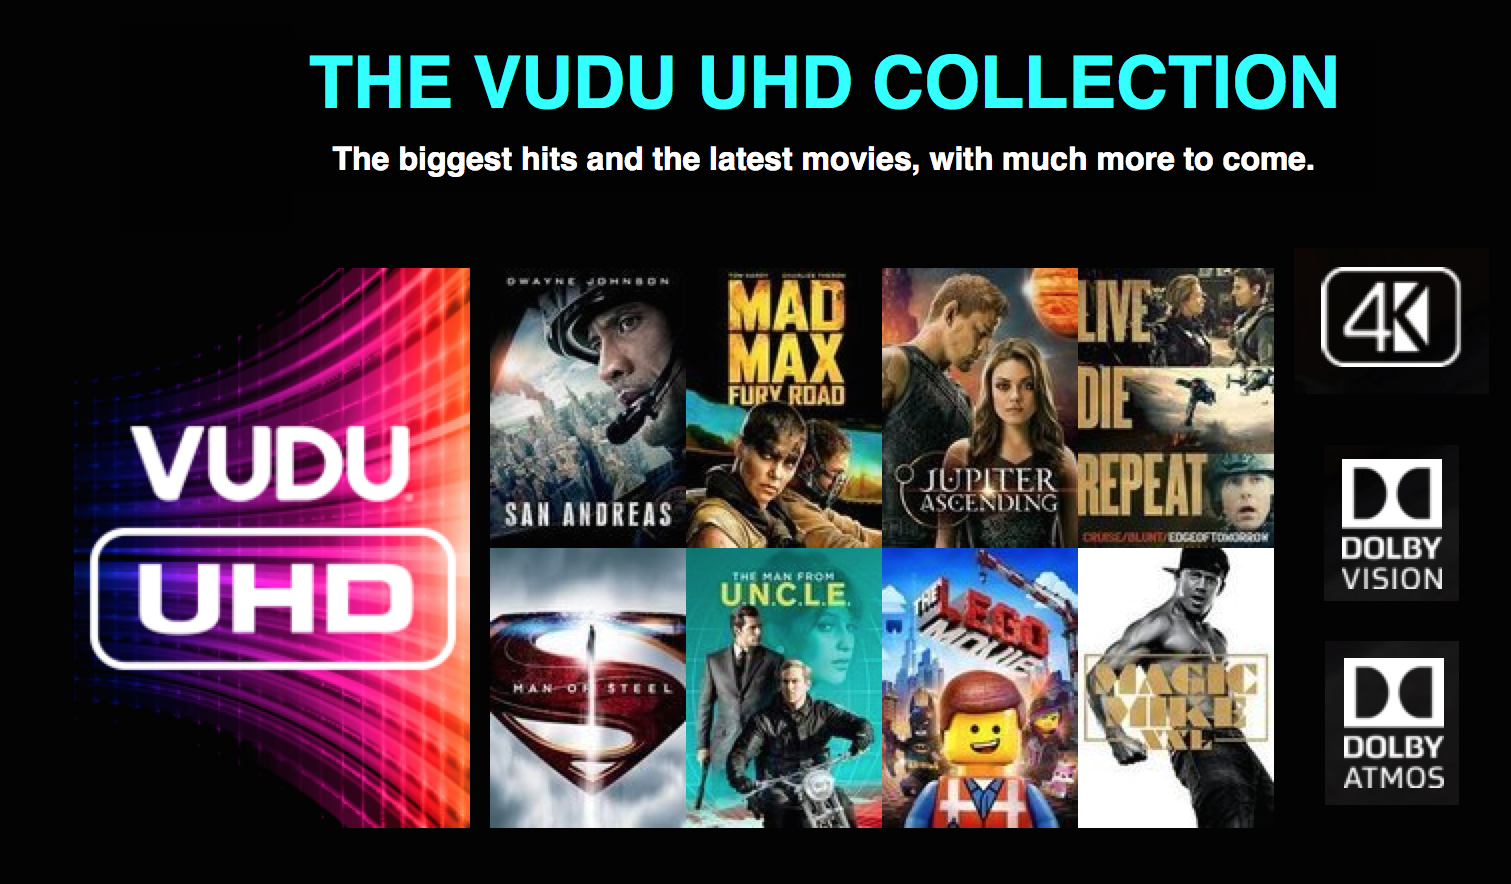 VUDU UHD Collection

··········

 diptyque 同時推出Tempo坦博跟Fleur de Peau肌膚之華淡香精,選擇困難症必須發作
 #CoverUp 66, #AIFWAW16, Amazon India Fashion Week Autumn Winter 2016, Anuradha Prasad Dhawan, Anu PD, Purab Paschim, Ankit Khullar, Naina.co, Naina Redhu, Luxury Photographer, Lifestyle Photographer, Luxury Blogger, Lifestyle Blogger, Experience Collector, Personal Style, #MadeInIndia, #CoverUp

··········

[Work request]
From the line holding "diptyque 同時推出Tempo坦博跟Fleur de" to the line holding "#CoverUp 66, #AIFWAW16, Amazon", inclusive, restate each line above exactly as written.

[Response to the exercise]
 diptyque 同時推出Tempo坦博跟Fleur de Peau肌膚之華淡香精,選擇困難症必須發作
 #CoverUp 66, #AIFWAW16, Amazon India Fashion Week Autumn Winter 2016, Anuradha Prasad Dhawan, Anu PD, Purab Paschim, Ankit Khullar, Naina.co, Naina Redhu, Luxury Photographer, Lifestyle Photographer, Luxury Blogger, Lifestyle Blogger, Experience Collector, Personal Style, #MadeInIndia, #CoverUp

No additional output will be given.